Governing body of chess in China

The Chinese Chess Association (CCA) (中国国际象棋协会) is the governing body of chess in China, one of the federations of FIDE, and a member of the Asian Chess Federation (ACF). It is the principal authority over all chess events in China, including the China Chess League (CCL). Founded in 1986, the CCA is headquartered in Beijing.

==History==
Due to its unpopularity in the country the game of chess was first affiliated to the Chinese Xiangqi Association when it was established in November 1962. With the achievements made by Chinese chess players in major world tournaments and the increasing popularity of the game in China, the Chinese Chess Association was formed in 1986, with Hong Lin as the president. Former women's world champion Xie Jun was appointed president in 2019.

==Role==
CCA is a member of the National Olympic Committee and officially joined FIDE in 1975. Its aims are to promote and popularize the game of chess and general organization of the chess sport in China, represent the country on the international stage, coordinate the activities of clubs and regional associations as well as organization of individual and team tournaments and championships (in different age categories).
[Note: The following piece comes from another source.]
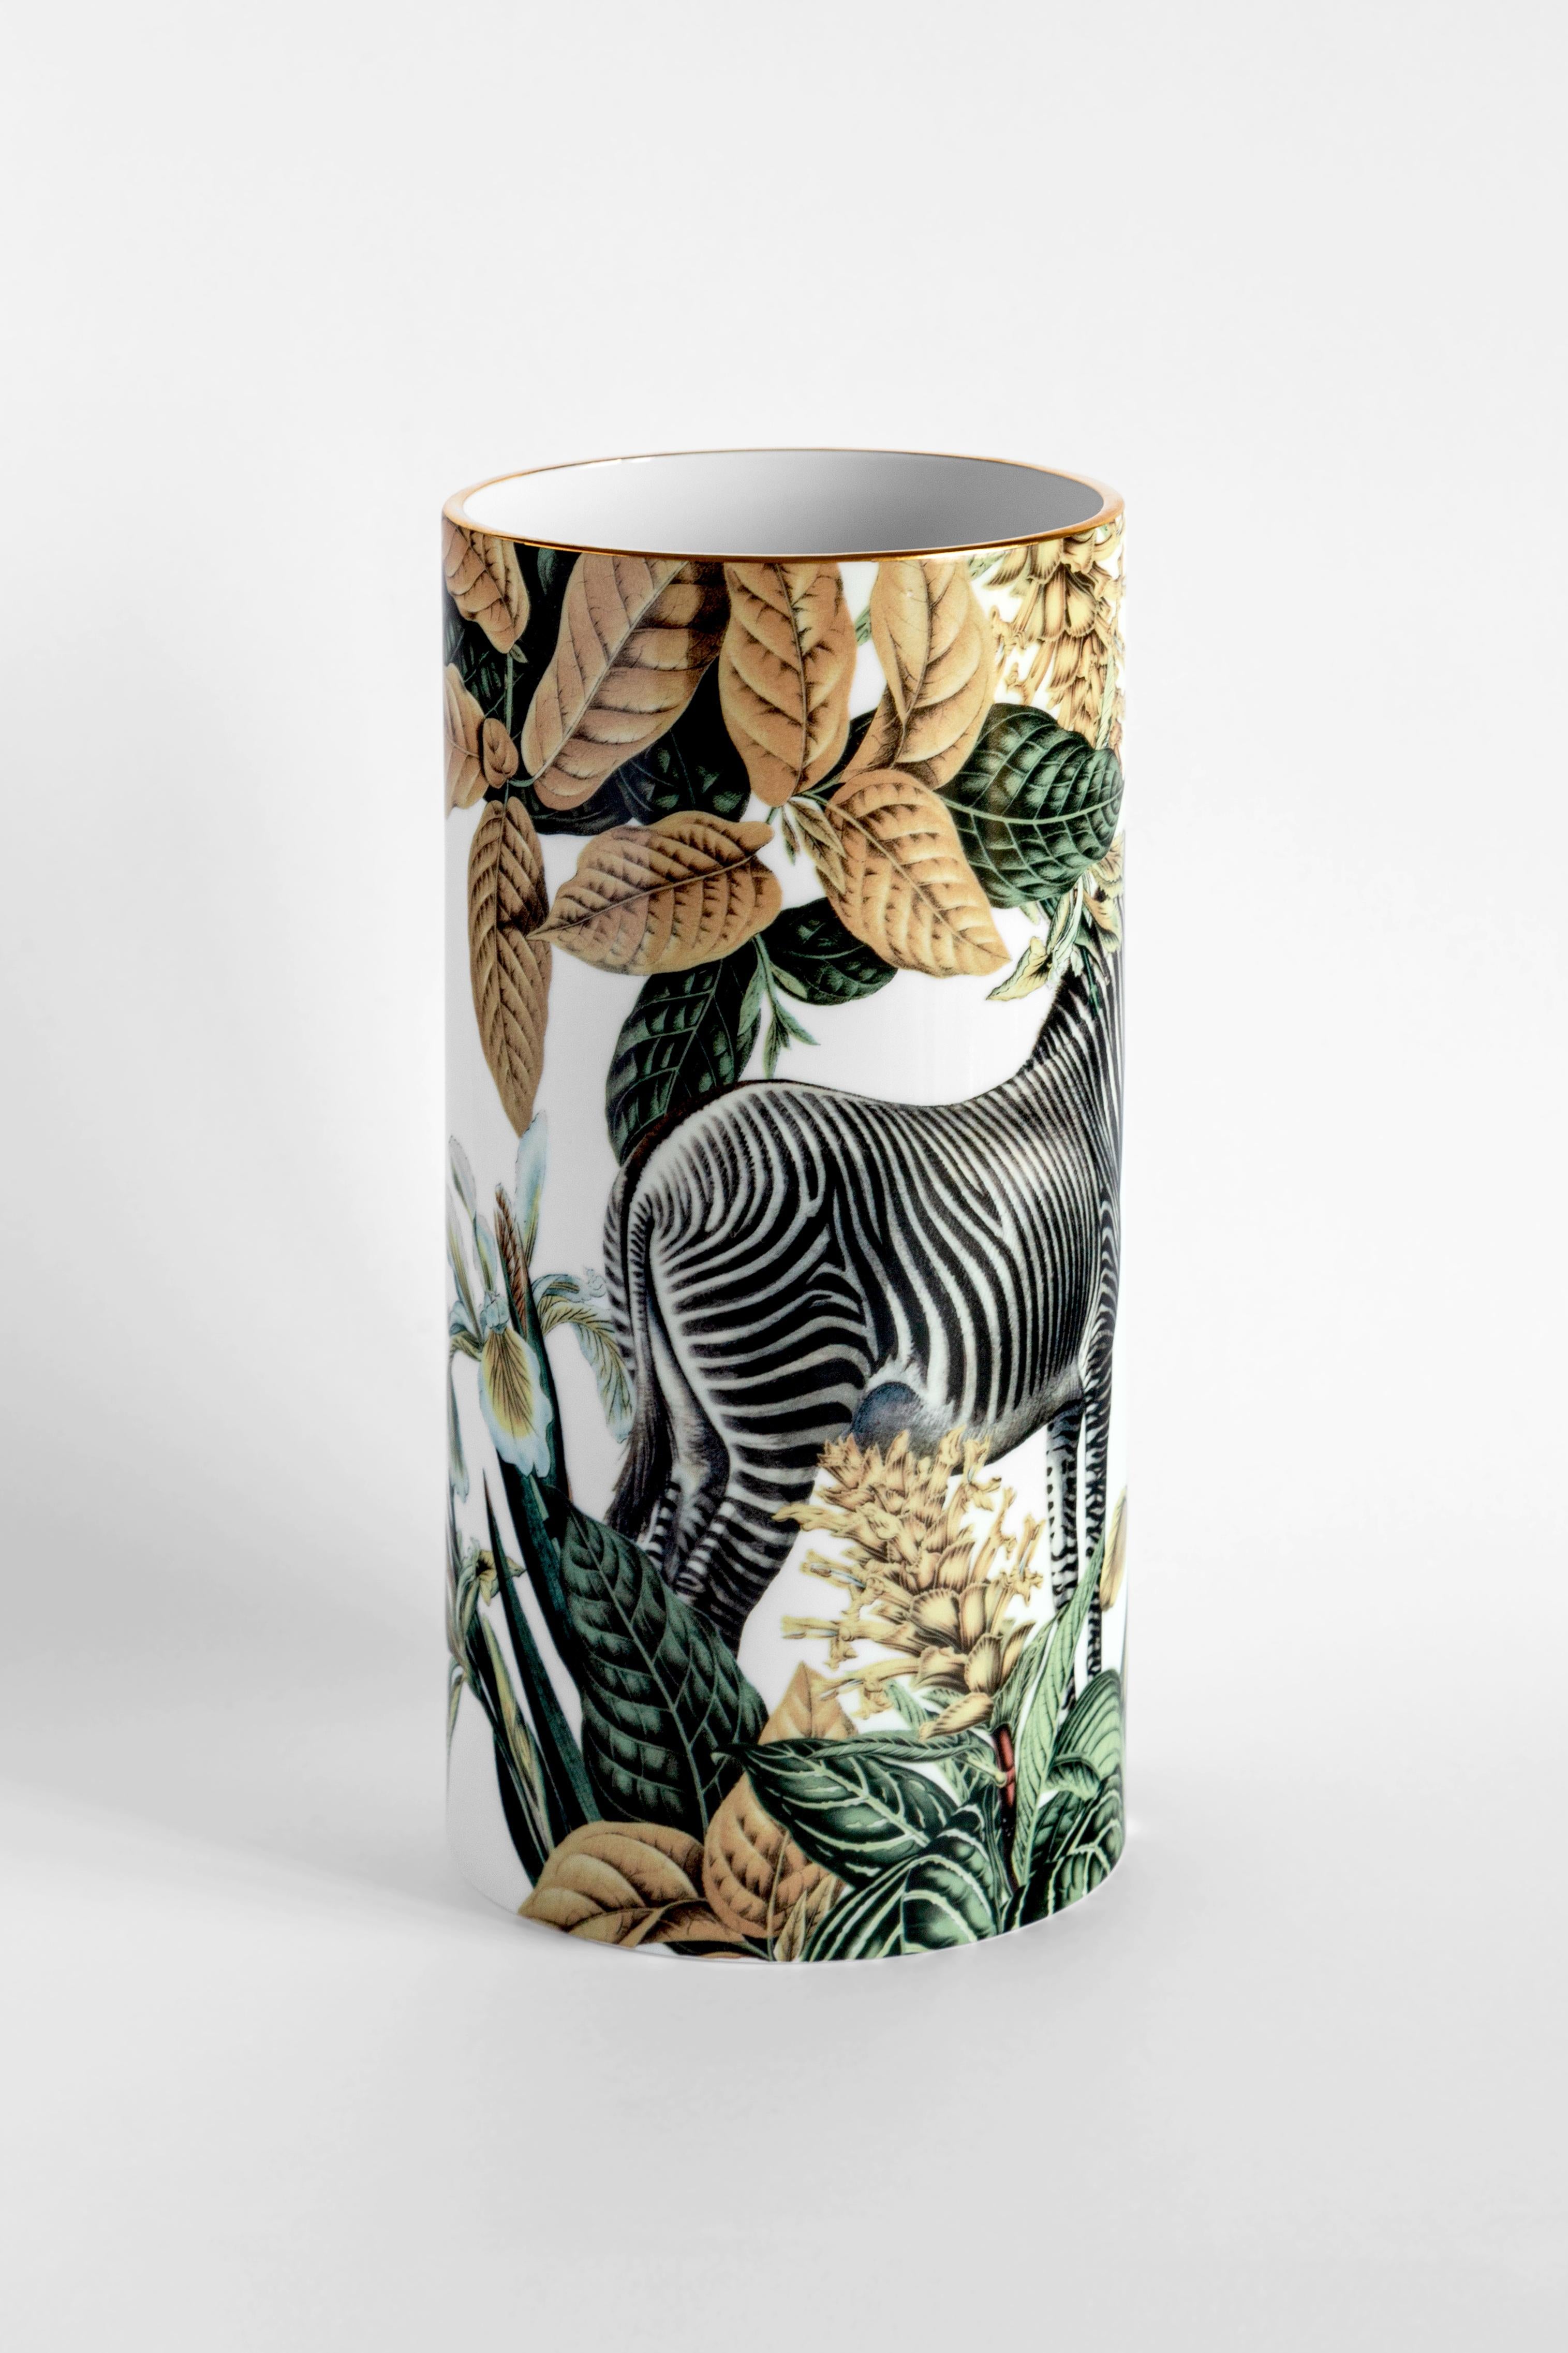 Des teintes étonnantes et des couleurs vibrantes dansent et s'assemblent de manière dynamique dans ce vase de Vito Nesta représentant un zèbre africain superbement détaillé entouré d'une végétation luxuriante de couleur or, verte et blanche. La

It promotes the participation of the game in schools.

The CCA selects and finances the Chinese national team for the biannual Chess Olympiad, World Team Chess Championships (every 4 years), Asian Team Chess Championships, Asian Chess Games, Asian Indoor Games, national chess summits, and it also funds players' training and for them to participate in individual tournaments.

===National team===

Following is a name list of the national chess team setup:
- Team manager: Lin Feng
- Deputy team manager: Li Wenliang
- Head coach: Ye Jiangchuan
- Deputy head coach: Zhang Weida
- Coaches: Xu Jun, Yin Hao, Yu Shaoteng
- Players:

Men's team
- Ding Liren
- Yu Yangyi
- Wei Yi
- Bu Xiangzhi
- Ni Hua
- Wang Yue
- Wang Hao
- Li Chao
- Lu Shanglei
- Bai Jinshi
- Zhou Jianchao
- Wen Yang
- Xu Xiangyu

Women's team
- Hou Yifan
- Ju Wenjun
- Tan Zhongyi
- Lei Tingjie
- Zhao Xue
- Shen Yang
- Huang Qian
- Guo Qi
- Ding Yixin
- Zhai Mo

==Commissions==
- Judges Commission
- Press & Publicity Commission
- Technical Training Commission
- Junior Working Commission
- Promotion & Development Commission
- Qualification Appraisal Commission
- Women Working Commission
- External Affairs Commission

==Funding==
Officials of the Chinese Chess Association are appointed by the National Sports Committee which also provides funding.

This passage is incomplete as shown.